Menurutnya, penguatan sinergi Tim Pengendalian Inflasi Daerah (TPID) melalui strategi 4K serta program Gerakan Pengendalian Inflasi dan Pangan Sejahtera (GPIPS) harus didukung oleh data pasokan yang akurat, tervalidasi, dan selalu diperbarui. Melalui penguatan Neraca Pangan Daerah, diharapkan tersedia basis data pangan yang terintegrasi sehingga kebijakan pemerintah dapat disusun secara lebih efektif dan tepat sasaran.
Pada sesi materi, Tri Aris Indrayanto memaparkan konsep penyusunan Proyeksi Neraca Pangan Wilayah Sulawesi Utara Tahun 2026, mulai dari mekanisme pelaporan, metode penghitungan hingga pemanfaatannya sebagai sistem peringatan dini (early warning system) untuk mendeteksi potensi surplus maupun kekurangan pasokan pangan. Neraca pangan juga dinilai penting dalam mengantisipasi gejolak harga dan menentukan langkah intervensi pemerintah secara lebih cepat dan tepat.

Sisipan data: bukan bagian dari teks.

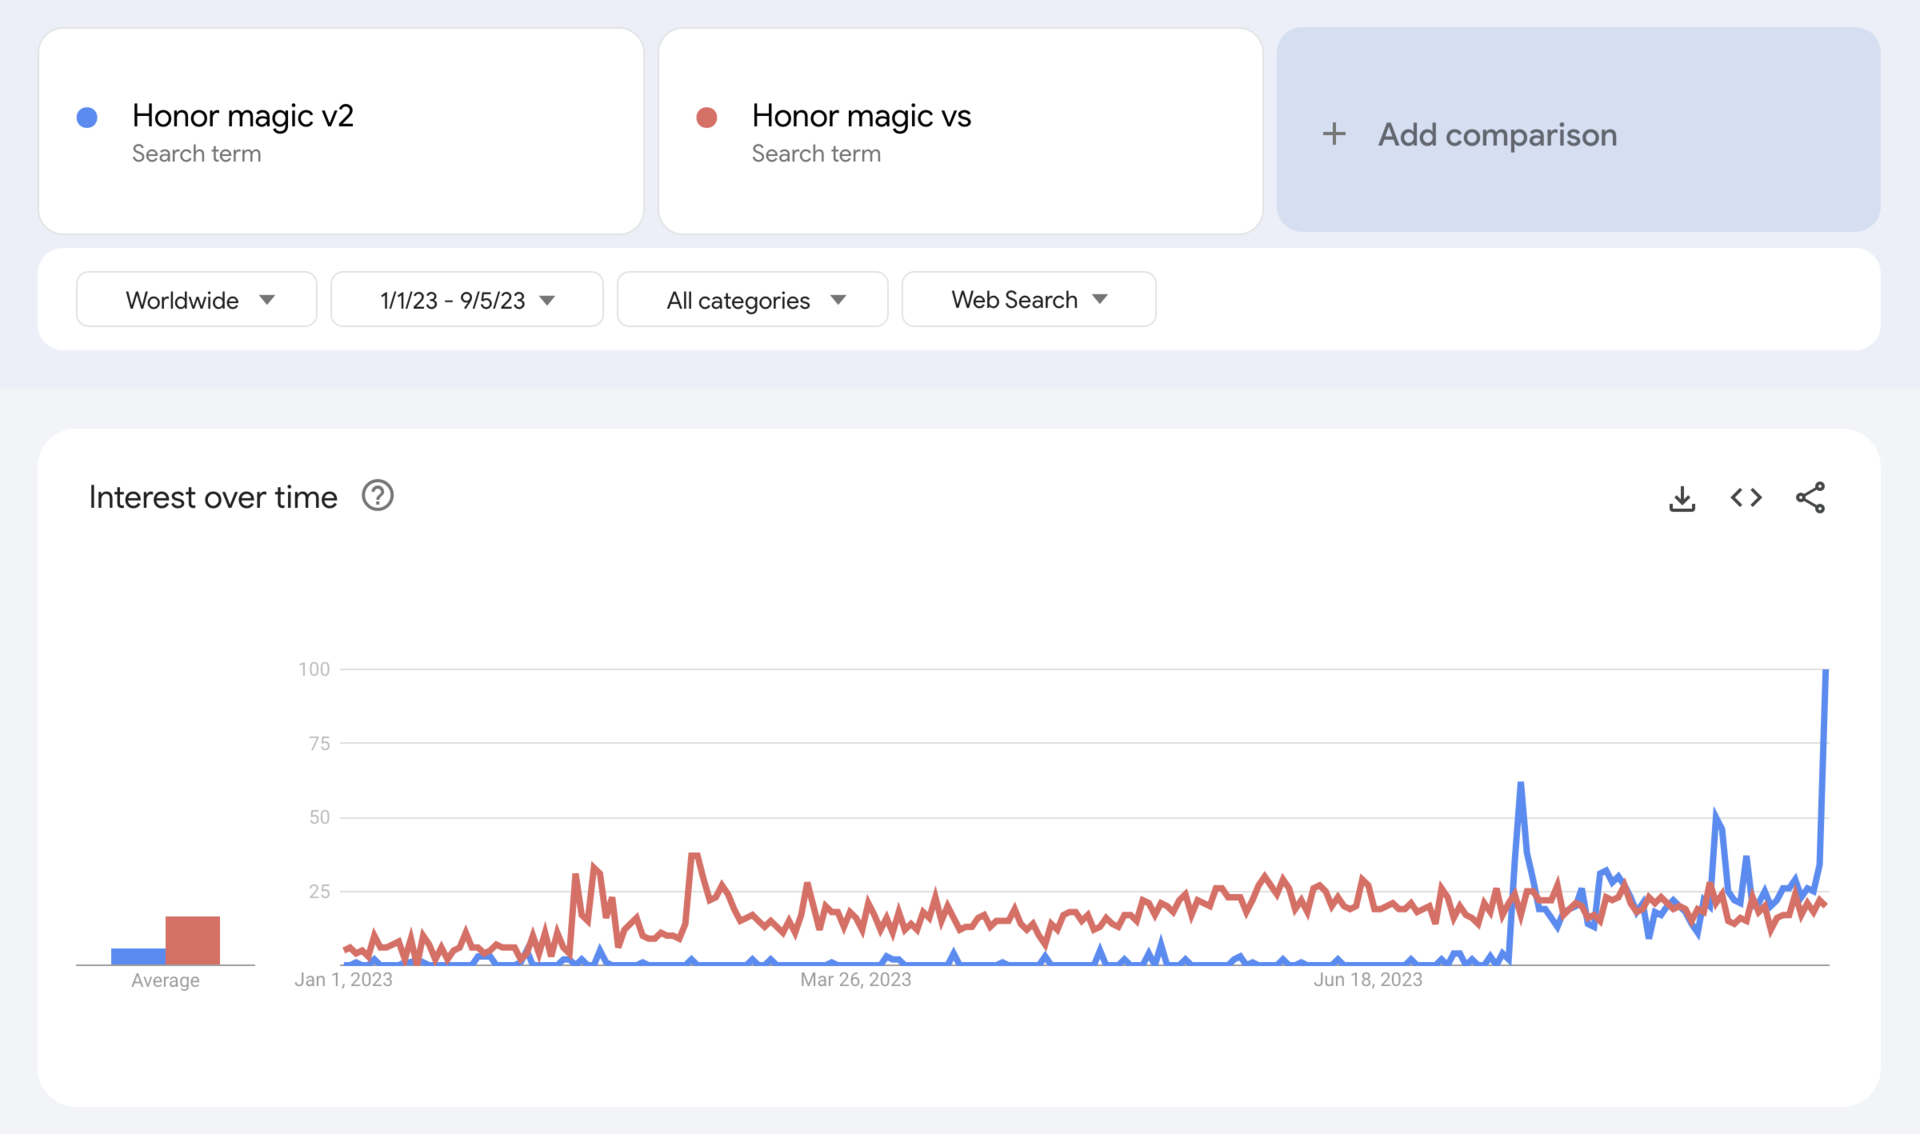 google trends honor magic vs v2 worldwide
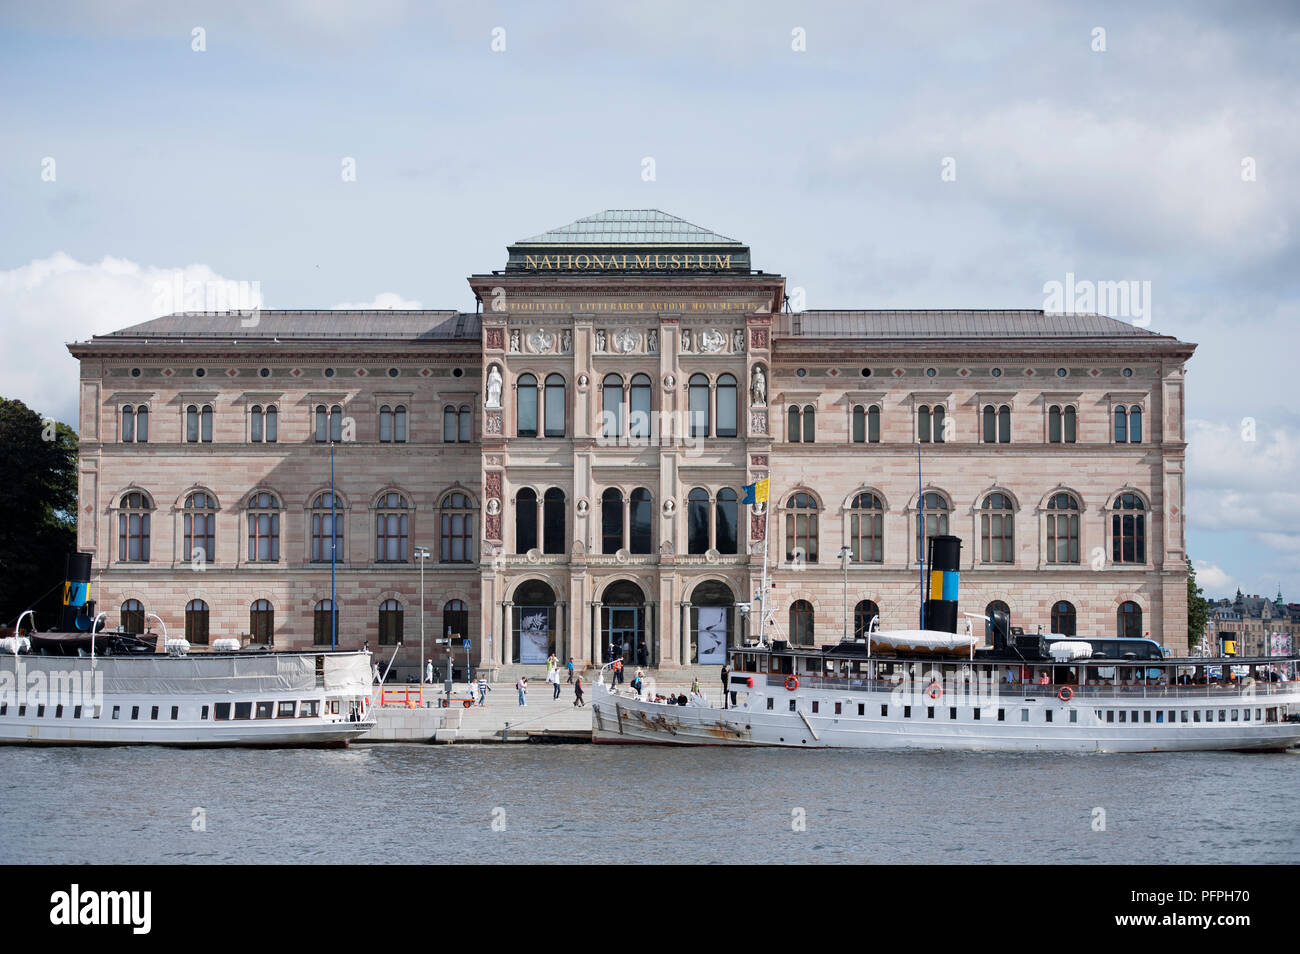 La Suède, Stockholm, Nationalmuseum (Musée national des beaux-arts), extérieur Banque D'Images

Ia mengungkapkan, berdasarkan evaluasi tahun 2026, Pemerintah Provinsi Sulawesi Utara bersama 14 dari 15 pemerintah kabupaten/kota telah menyusun Proyeksi Neraca Pangan. Namun demikian, pembaruan data secara rutin setiap bulan serta penguatan koordinasi lintas perangkat daerah masih perlu terus ditingkatkan. Selain itu, diperkenalkan pula Sistem Informasi Ketersediaan Pangan (SIKAP) sebagai sarana pelaporan dan pemantauan stok pangan untuk mendukung tersedianya informasi yang akurat, terpadu, dan berkelanjutan.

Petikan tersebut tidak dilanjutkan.